Solving the problems inevitably meant navigating the laws as they were written. Doing that enough times made Feltes interested in changing them.

As the years went by, Feltes became more active on the policy side, joining the army of lobbyists in orange badges to press for bills in the State House, in his case on behalf of Legal Assistance.

Feltes was happy in his role, preferring the satisfaction of direct impact to the remoteness of other areas of law.

About halfway through his time with New Hampshire Legal Assistance, the recession hit, and the urgency of the work grew.

Entering politics

Feltes’s entry into New Hampshire politics was almost as accidental as his entry into New Hampshire itself.

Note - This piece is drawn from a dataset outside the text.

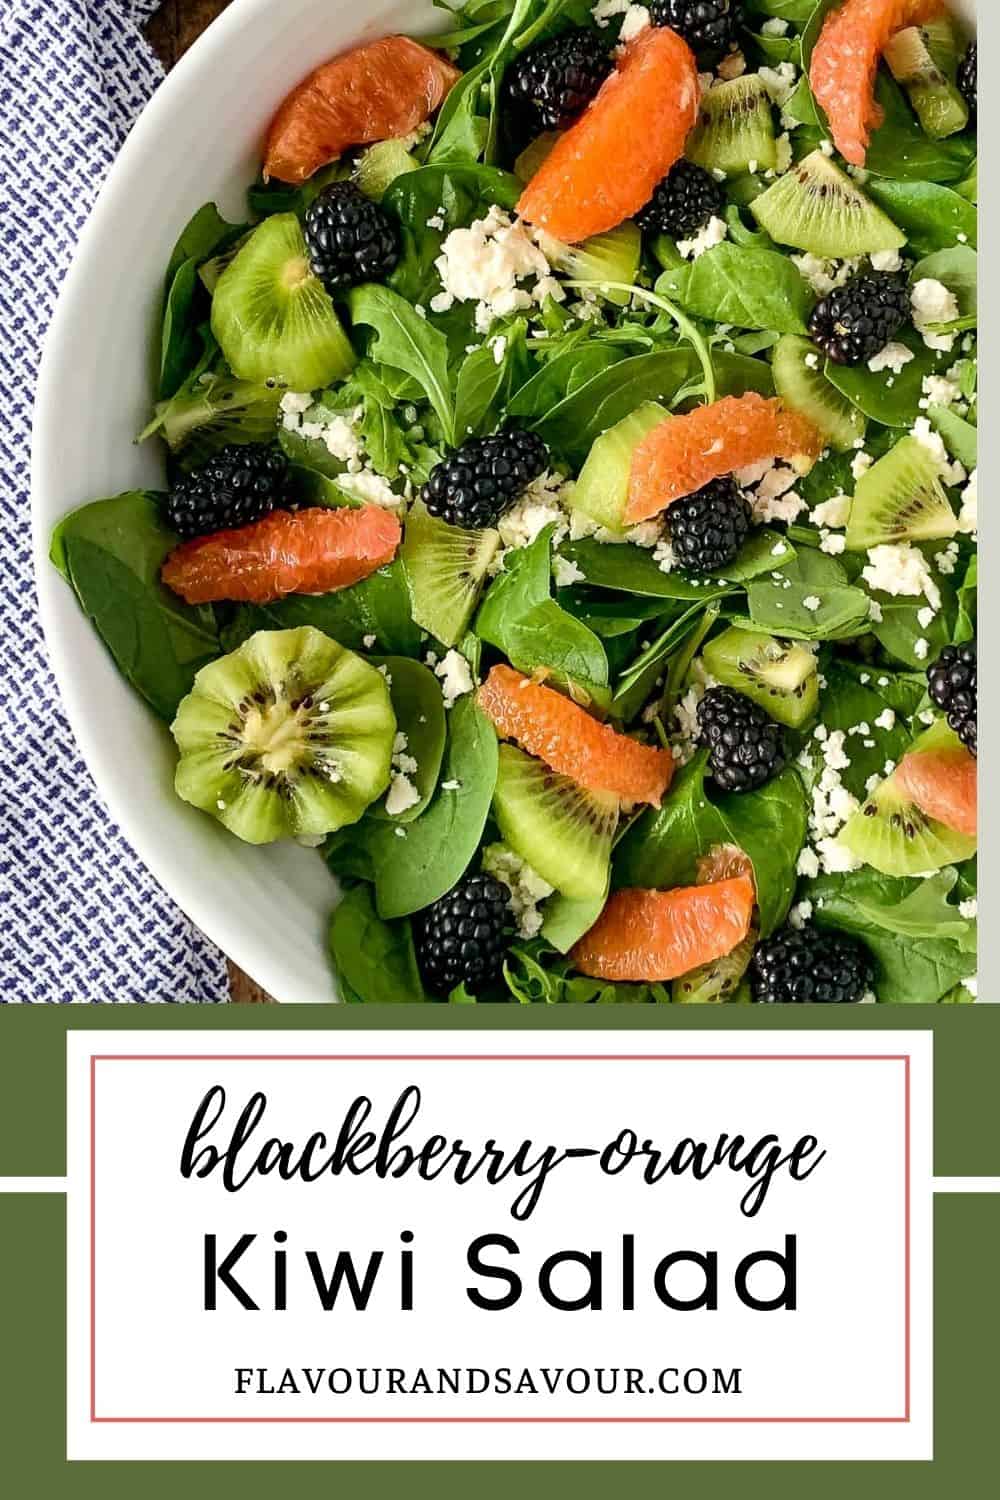 image and text for blackberry orange kiwi salad

In June 2014, Sylvia Larsen, the 20-year Democratic senator and former Senate President from Concord, abruptly announced her retirement — seven days before the filing period for new candidates, setting off a mini-shockwave in capital city politics. Feltes considered it quickly, consulted his wife, Erin, and threw in his name.

Feltes, still a legal aid attorney with no political experience, was not a top pick for the seat. His name didn’t even make the shortlist of interested candidates reported by the Concord Monitor in the days after Larsen’s announcement. But he worked to make inroads, raise money and collect endorsements, and by September he had swept the primary for the seat.

Six years into his tenure at Senate District 15, the state senator argues he’s the candidate who’s kept the struggle of low-income families and homeowners most at the forefront of his career. That’s included efforts in recent years to pass a slew of energy policies, job training efforts, expansion to unemployment security, and of course, his paid family and medical leave bill — all of which have been unsuccessful in the face of Republican opposition and charges of “income tax.”

Feltes is in a primary with Executive Councilor Andru Volinsky, D-Concord, on Sept. 8, with the winner to face Republican Gov. Chris Sununu.

But with economic storm clouds ahead, Feltes says he’s the one to help the state manage because he’s done it before.

“That’s what this is all about to me,” he said. “That’s what this whole race is about to me. That’s what this next two years are going to be about. How are you going to get out of this mess, and what are you going to look out for in the rearview mirror?”